Посвящается Эмилю
Мисс Веццис приехала, чтобы присматривать за детьми одной леди, пока не прибудет настоящая нянька. Леди говорила, что мисс Веццис была плохая, грязная, нерадивая нянька. Леди никогда не приходило в голову, что у мисс Веццис могла быть собственная личная жизнь и дела, над которыми надо было подумать, и что эти дела для мисс Веццис были важнее всего на свете.
Редьярд Киплинг. Посчастливилось[1]
– Понимаете ли, понимаете ли вы, милостивый государь, что значит, когда уже некуда больше идти? – вдруг припомнился ему вчерашний вопрос Мармеладова. – Ибо надо, чтобы всякому человеку хоть куда-нибудь можно было пойти…
Ф. М. Достоевский.
Преступление и наказание
Leïla Slimani
CHANSON DOUCE
© Editions Gallimard, 2016
Russian Edition Copyright © 2016 by Sindbad Publishers
Publisher and Editor-in-Chief Alexander Andryushchenko
Иллюстрация на обложке: © Marie Carr / Arcangel
Издание на русском языке, перевод на русский язык. Издательство «Синдбад», 2018
* * *
Младший умер сразу. Он почти не мучился. Доктор уверял, что он вообще ничего не почувствовал. Безжизненное тельце достали из ванны, где оно лежало в окружении резиновых игрушек, уложили в серый мешок, а мешок застегнули на молнию. Девочка к прибытию полиции была еще жива. Видно было, что она отбивалась изо всех сил – об этом свидетельствовали следы борьбы, в том числе частицы кожи под детскими ногтями. В «скорой», по дороге в больницу, ее сотрясали судороги. Она лежала с широко открытыми глазами и ловила ртом воздух. Горлом шла кровь. У нее было проколото легкое и сильно разбита голова – о ее любимый голубой шкафчик.

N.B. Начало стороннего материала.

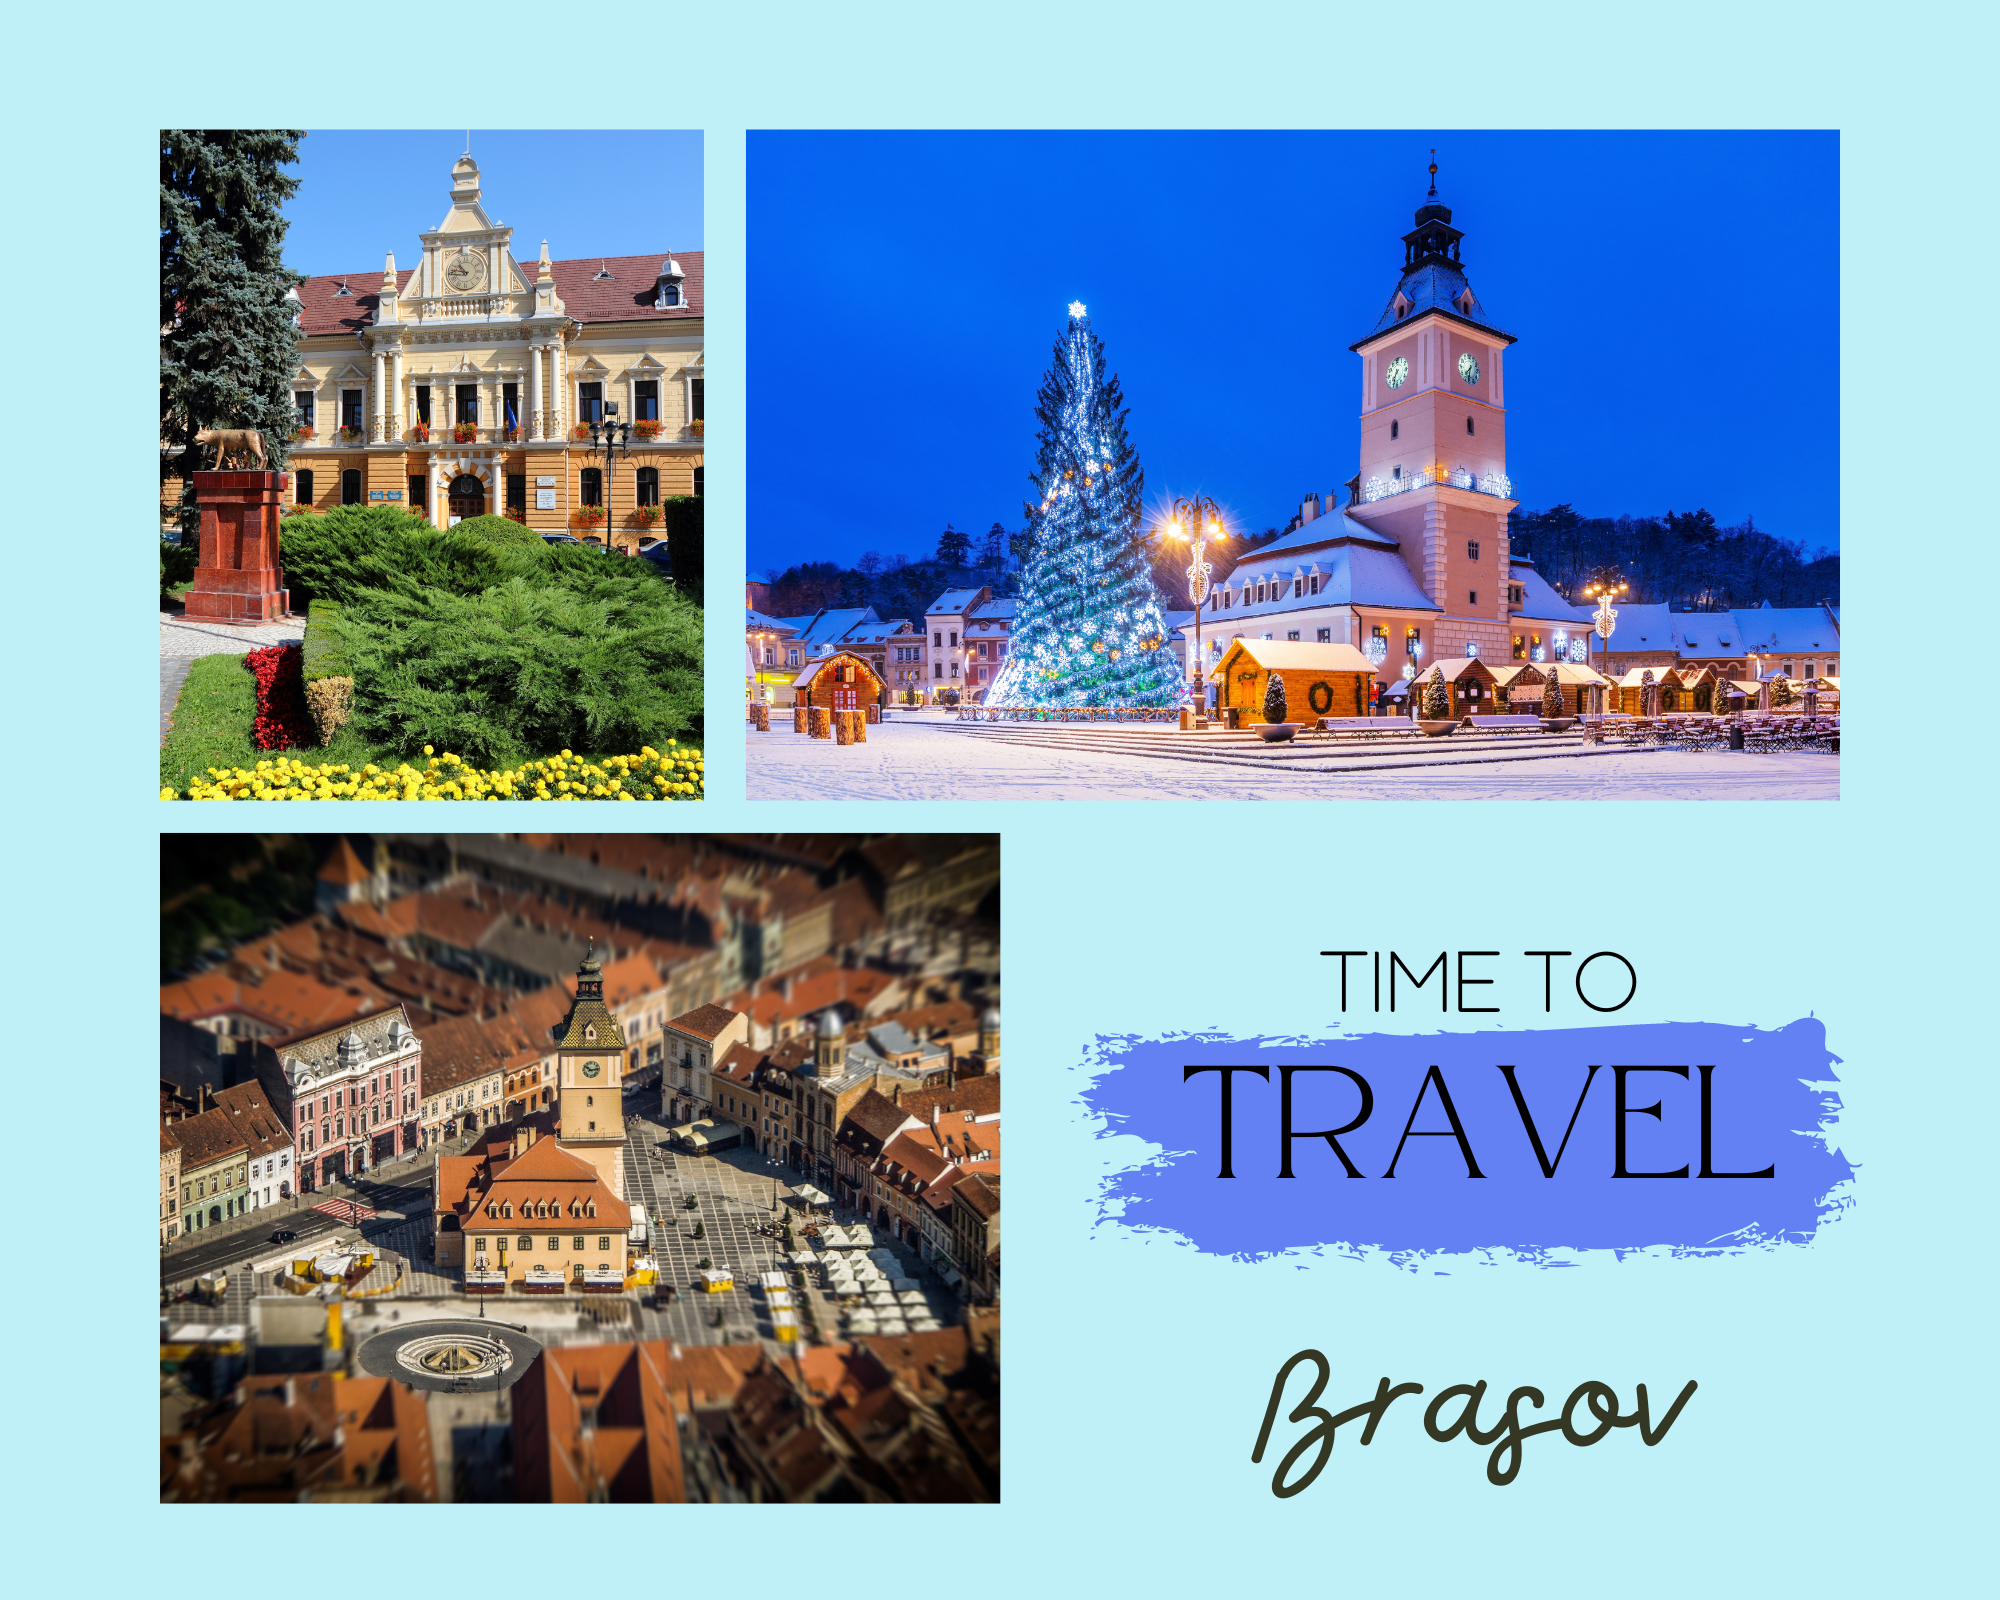 Travel Brasov

Полицейские сфотографировали место преступления. Сняли отпечатки пальцев, обмерили ванную и детскую. Ковер с изображением принцессы пропитался кровью. Пеленальный столик опрокинут. Игрушки собрали в полиэтиленовые мешки и опечатали. Голубой шкафчик тоже включили в список вещественных доказательств.
Мать пребывала в шоковом состоянии. Это повторяли и пожарные, и полицейские, так писали во всех газетах. Войдя в детскую и увидев распластанные детские тела, она издала крик, нет, нутряной вопль, подобный вою раненой волчицы. Стены комнаты словно заходили ходуном. На майский день вдруг обрушилась беспросветная ночь. Ее вырвало. Полицейские нашли ее в углу комнаты, куда она забилась, захлебываясь от слез, с безумным взглядом. Она визжала так, что казалось, у нее сейчас лопнут легкие. Врач скорой еле заметно покрутил пальцем у виска. Им удалось поднять ее на ноги, несмотря на отчаянное сопротивление, пинки и удары. Потом ее медленно усадили. Девушка-интерн вколола ей успокоительное. Шел первый месяц ее практики.

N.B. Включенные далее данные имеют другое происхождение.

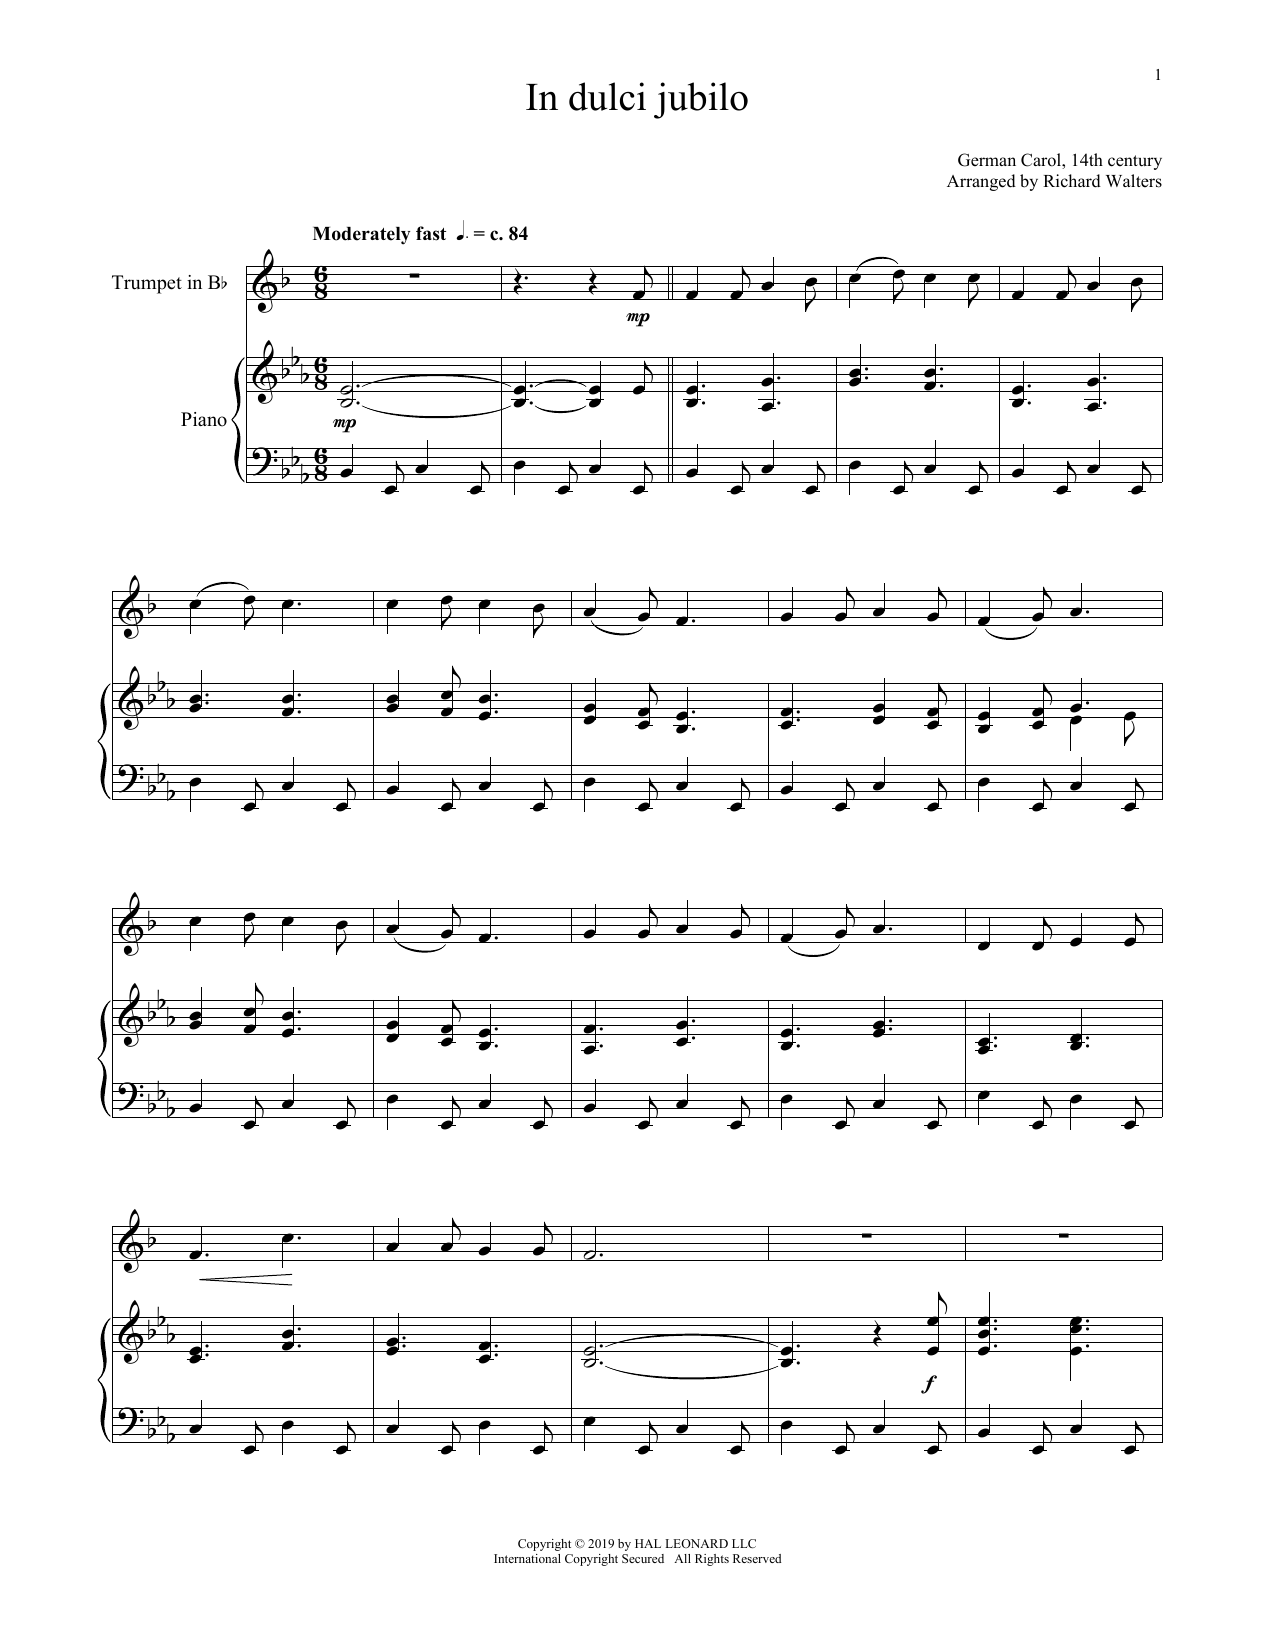 Christmas Carol In Dulci Jubilo Sheet Music Notes & Chords for Lyrics & Chords - Download or Print PDF

Но и ту, что все это натворила, надо было спасать. Действуя профессионально и без эмоций. Лишить жизни себя она не сумела. Смогла лишь принести смерть другим. Она вскрыла себе оба запястья, вонзила нож в горло и упала без сознания возле детской кроватки с бортиками. Ее подняли, измерили пульс и давление и уложили на носилки. Та же девушка-интерн не отпускала руки от ее шеи.

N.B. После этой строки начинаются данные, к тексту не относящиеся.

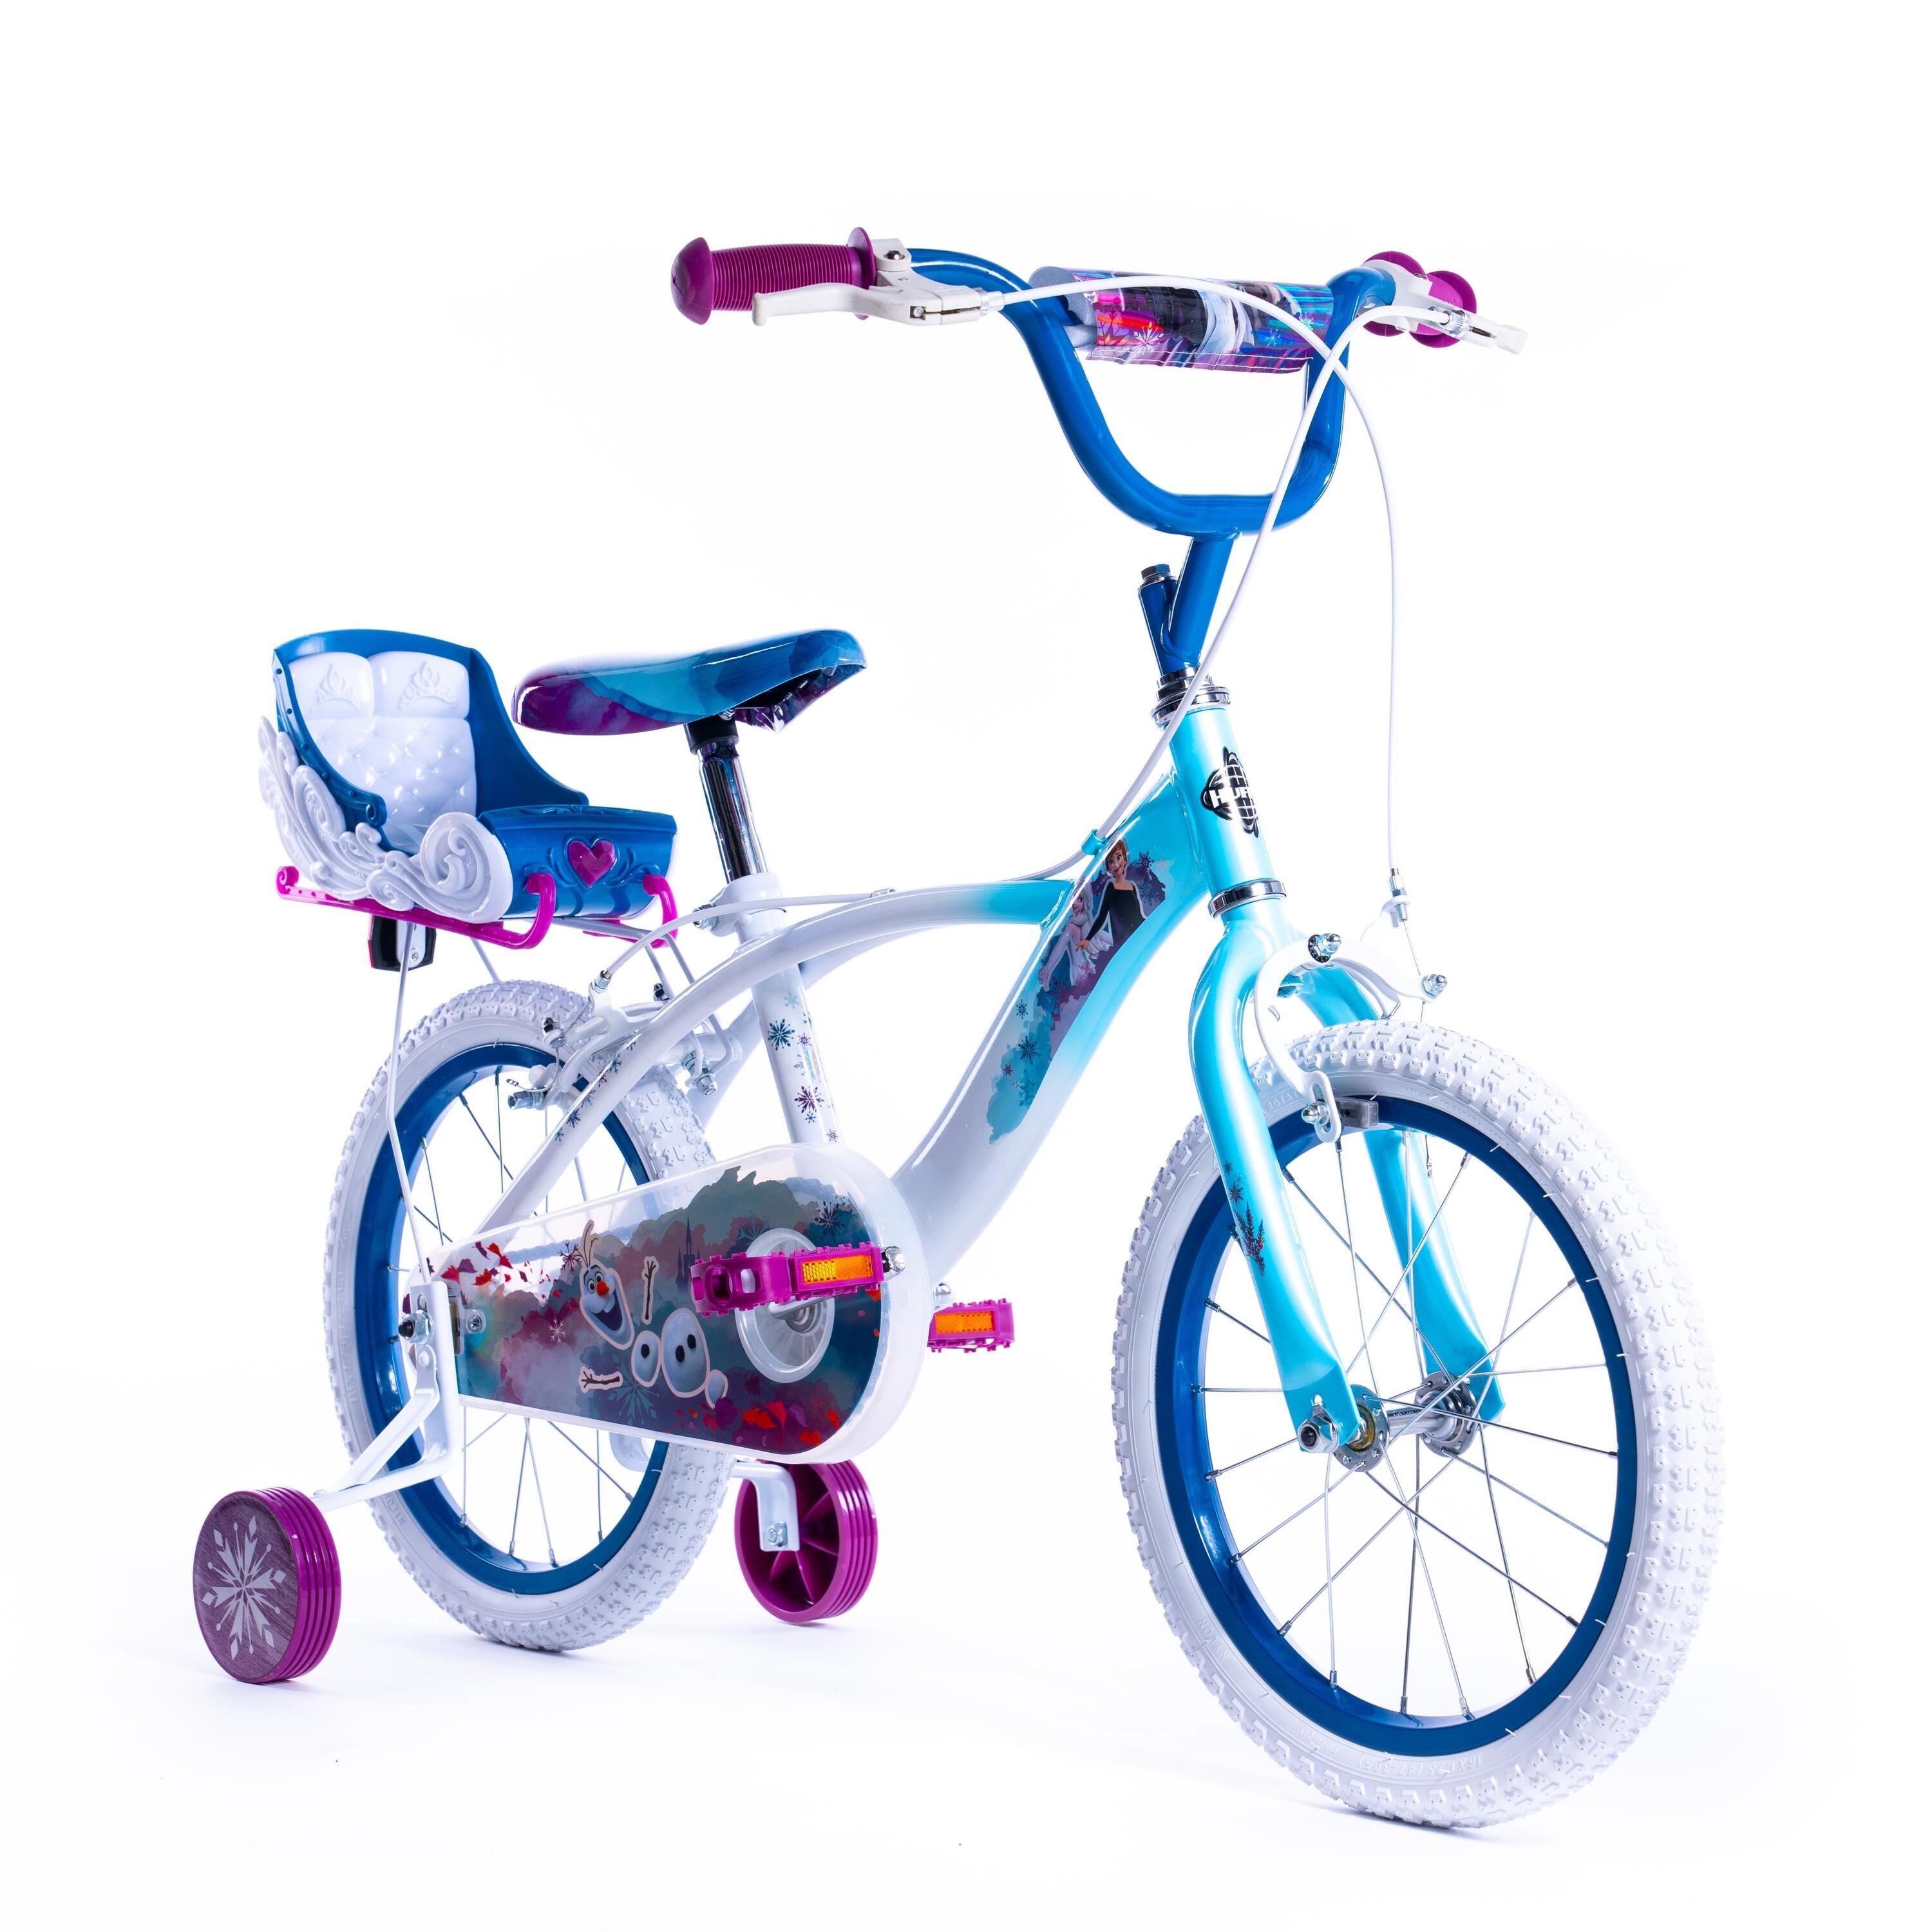 Disney Frozen Girls 16 Inch Bike + Stabilisers 1/8

У подъезда собрались соседи, по большей части женщины. Как раз в этот час они обычно отправлялись в школу за детьми. Они смотрели на машину скорой помощи глазами полными слез. Многие плакали. Все хотели знать, что произошло. Привставали на цыпочки, пытаясь разглядеть хоть что-нибудь за головами полицейских, кордоном окруживших машину, пока та не отъехала, мигая и вереща сиреной. Женщины тихо перешептывались. Быстро разнесся слух: с детьми страшная беда.
Это был красивый дом на улице Отвиль, в Десятом округе. Его жильцы, даже не зная друг друга, всегда тепло здоровались. Семья Массе занимала квартиру на шестом этаже – самую маленькую в доме. Когда у Поля и Мириам родился второй ребенок, они перегородили гостиную стенкой и устроили себе спальню в узкой комнатушке рядом с кухней, с окном на улицу. Мириам любила резную мебель и арабские ковры. На стену она повесила японские эстампы.